In this context, digital pathology and artificial intelligence (AI) offer complementary solutions to enhance diagnostic standardization and accessibility. Digital slide analysis enables centralized review, reduces interobserver variability, and improves the reproducibility of HER2 scoring [24,71]. Moreover, recent AI-driven convolutional neural network models have achieved accuracies exceeding 95% in both GC detection and HER2 evaluation [72]. These technologies are particularly valuable amid the growing diagnostic workload and shortage of specialized pathologists, offering a scalable, high-quality approach to HER2 assessment even in resource-limited settings [73].
3. Conclusions
HER2 testing stands at the intersection of pathology, molecular biology, and clinical oncology. Its reliability depends on both technical precision and a deep understanding of tumor heterogeneity. Variability in fixation, antibody selection, and interpretation can still lead to discordant results, emphasizing the importance of standardized, gastric-specific protocols and rigorous quality control programs. Clinically, HER2 remains a key predictive biomarker that guides the use of targeted therapies in advanced disease and, potentially, in early stages. However, its dynamic behavior, shaped by spatial and temporal heterogeneity, could require adaptive reassessment to ensure that treatment decisions reflect current tumor biology.

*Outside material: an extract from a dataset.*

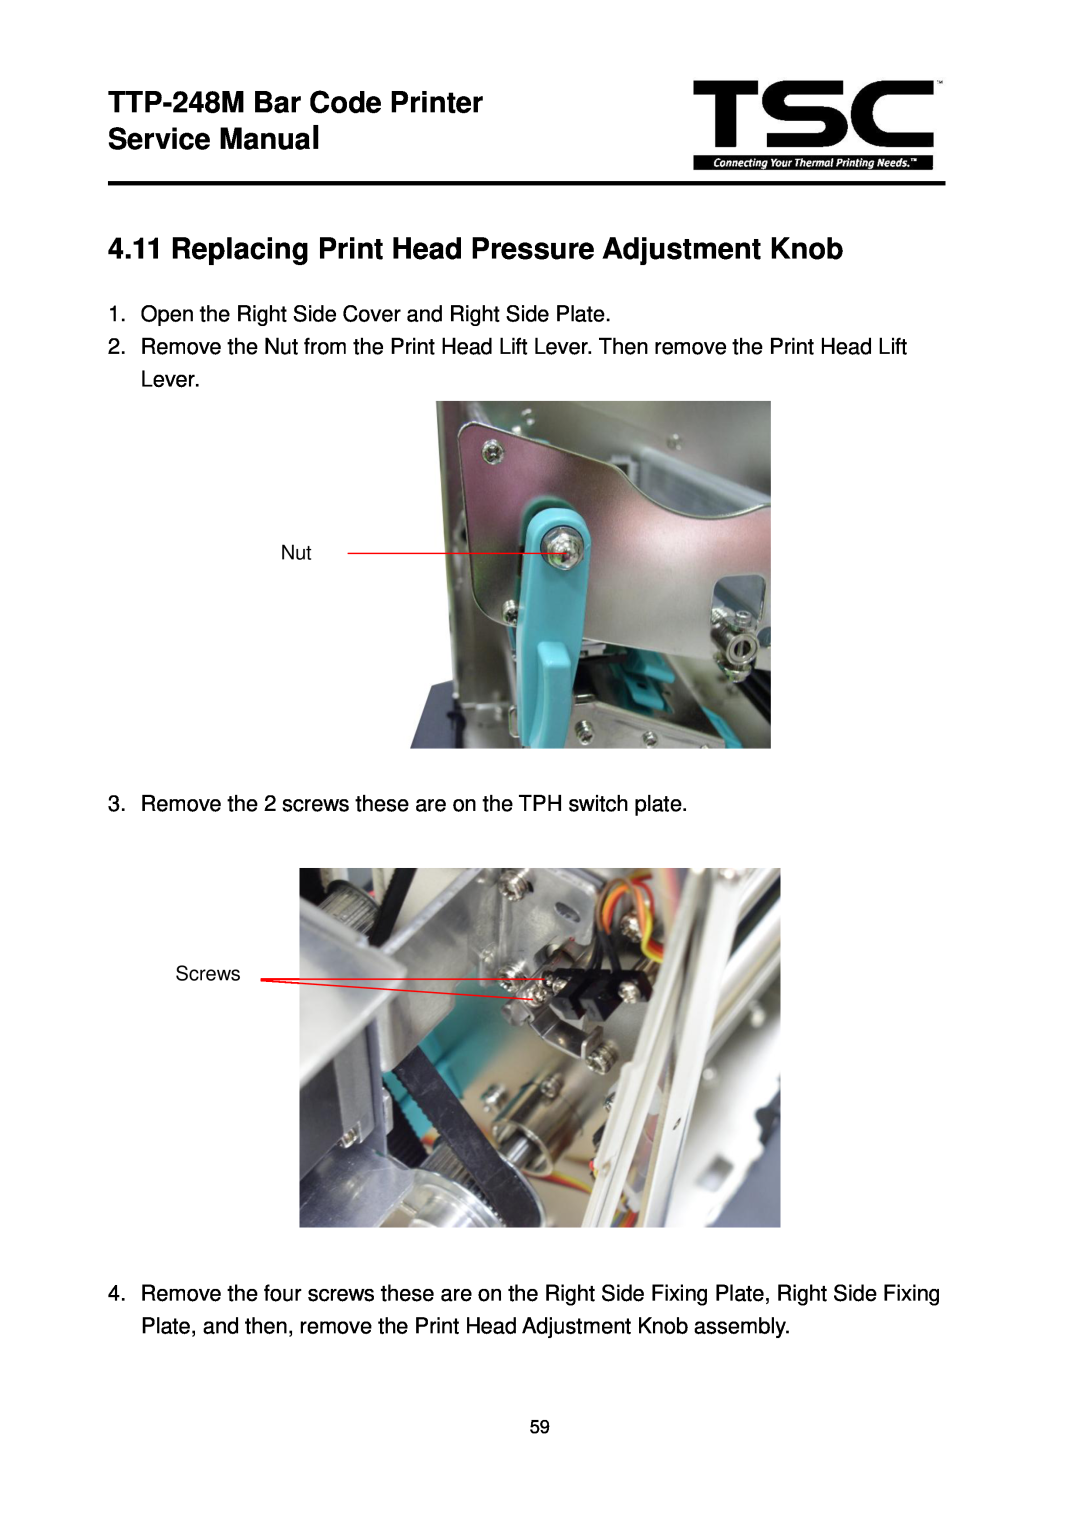 The Speaker Company TTP 248M Replacing Print Head Pressure Adjustment Knob, TTP-248M Bar Code Printer Service Manual 
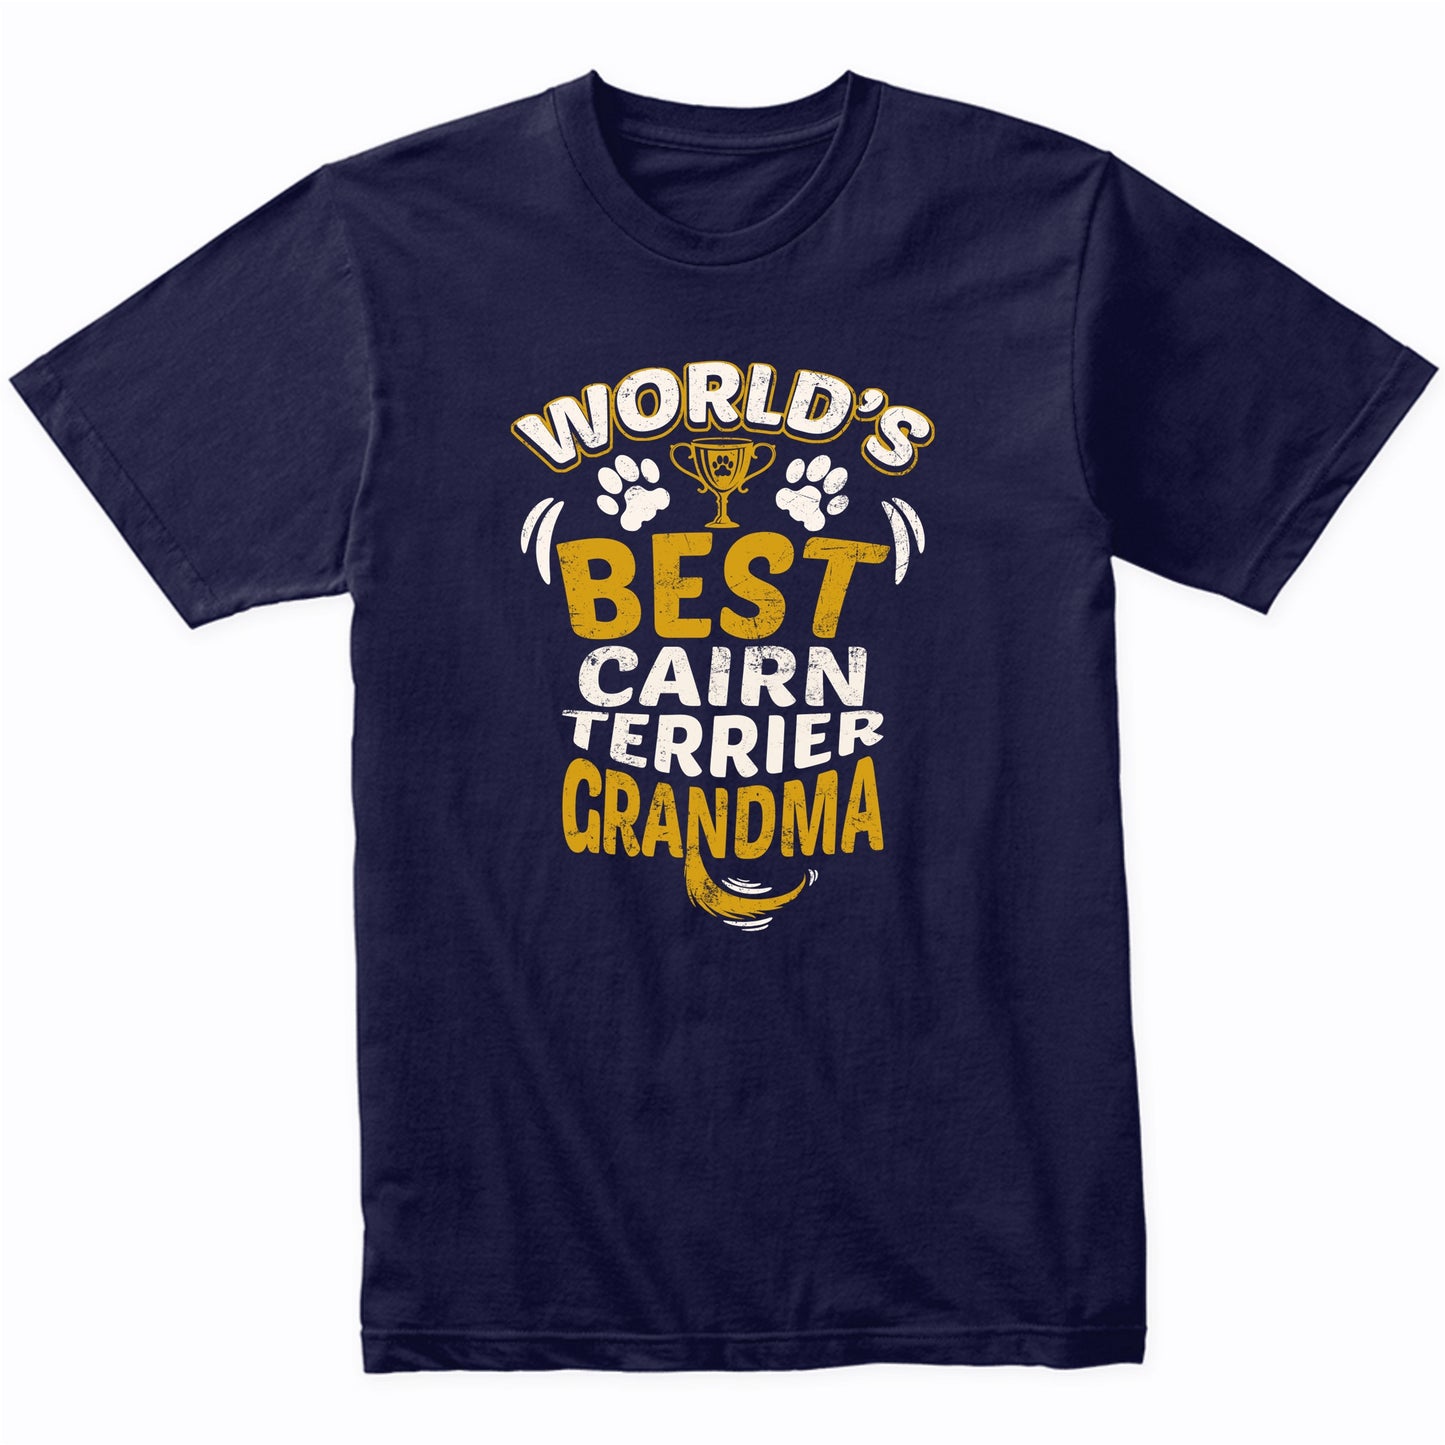 World's Best Cairn Terrier Grandma Graphic T-Shirt

Looking ahead, integrating HER2 evaluation within molecular and digital frameworks may positively impact disease management. Real-time monitoring through ctDNA and multi-analyte liquid biopsy could allow for the dynamic assessment of ERBB2 amplification and emerging resistance. Meanwhile, AI-assisted pathology offers the potential to enhance diagnostic reproducibility and harmonize HER2 quantification across institutions. By bridging molecular diagnostics with clinical decision-making, HER2 testing would shift from a static baseline classifier to a dynamic instrument for precision oncology in GC.